State of Data Analytics in Enterprises
Big Data is in vogue for some time now. Despite the obvious advantages of analytics, several practical, on-the-ground considerations hitherto impeded the adoption of analytics in enterprises. Many senior managers are uneasy or resent having their intuition replaced with analytics. Top management, faced with competing priorities for investment dollars, make trade-offs which may work against investment in analytics. The rank-and-file may fail to see the big picture and continue to work on gut instinct when faced with taking on-the-moment decisions or actions. As with any other change program, the workforce may resist co-opting analytics in work processes and decision-making.
The resistance to data analytics is now all but eroded through. A March 2017 research by Dun & Bradstreet and Forbes Insights indicate senior executives are finally giving data analytics its due, and making big investments in data analytics technology.
Also, data analytics, earlier restricted to IT and finance, has now spread across the enterprise, and cover the majority of business functions. Analytics is now widely applied in all gamut of enterprise functions, from the formation of the business strategy to powering operational excellence, and from compliance to advertising. Data analysts no longer work in a silo. In fact, analytics is no longer a specialist function. The emergence of advanced tools such as Salesforce Einstein makes available highly powerful data scientists to the common employee.
But even when all the above barriers are overcome or non-existent, there remains a pressing issue of talent crunch inhibiting the adoption of analytics. About 27% of analytics professionals find skills gap as a major impediment in their data initiatives.
For such reasons, many enterprises still have in place only rudimentary analytical technology. About 23% of analytics professionals still use spreadsheets as the primary tool for data analysis. About 19% of them use only basic data models and progression techniques. Many enterprises avail the services of third-party providers to support their analytic requirements, as a means to overcome the skills-gap. About 55% of enterprises outsource some or all of their analytics needs, to successful outcomes.
The Deloitte survey reveals 80% of enterprises already using analytics in some way or the other, and 96% of them revealing the importance of analytics will increase in the next three years.

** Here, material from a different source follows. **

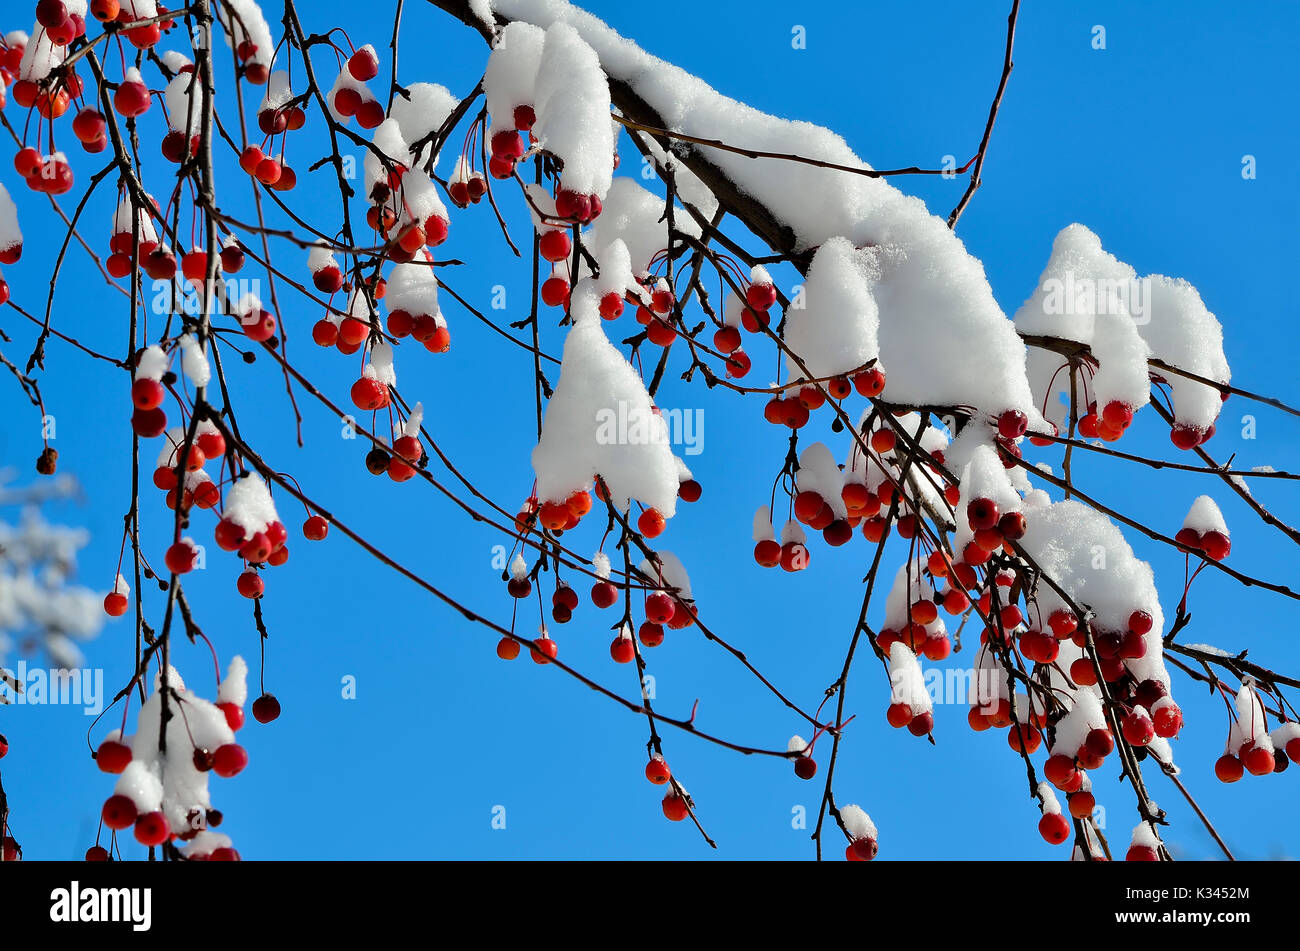 Le decorazioni di Natale della natura invernale - coperta di neve ramo della mela selvatica albero con frutti rossi close-up su un luminoso cielo blu sullo sfondo - amazi Foto Stock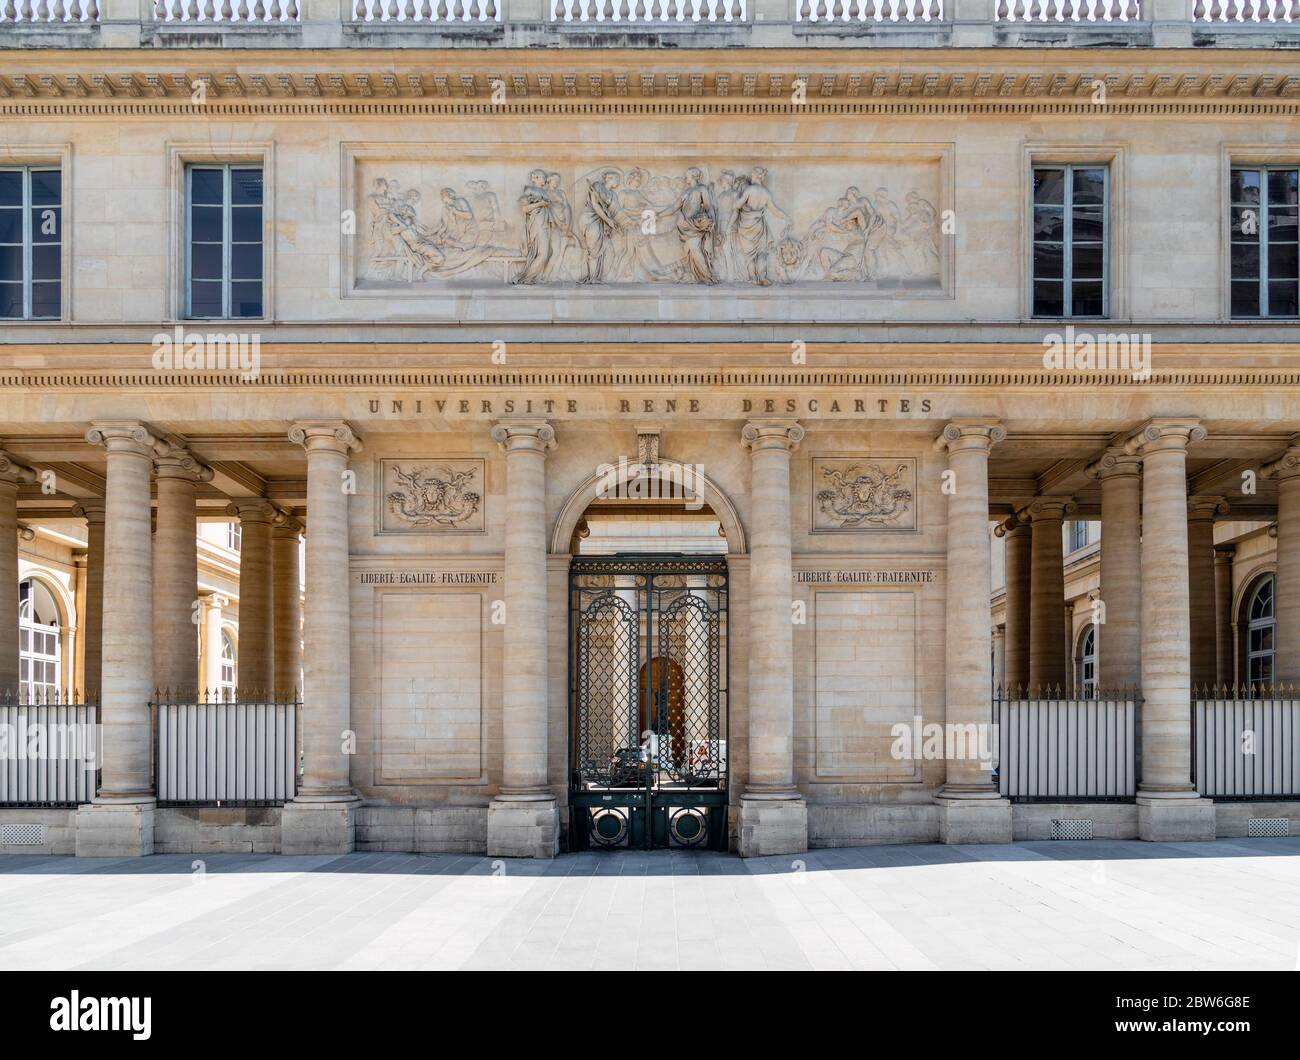 Universite Rene Descartes in Paris Stock Photo

As the first step to getting started, enterprises would do well to chalk out a sound Enterprise Data Model, which offers an integrated view of the data produced and consumed across the board, identifying the shareable and/or redundant data across functional and organizational boundaries. Such Integration of data offers a “single version of the truth,” minimizing data redundancy, disparity, and errors, and ensuring data accuracy, consistency, and quality. The enterprise also needs a sound Enterprise Data Strategy to harness such data for decision-making. They can then deploy the right analytical tools to leverage such data to good effect. Competent third-party providers aid the enterprise in all these tasks.
Data analytics is the new competitive differentiator. Business leaders who understand this fact and commit to the concept will succeed. Those who delay or ignore it, do so at their own risk.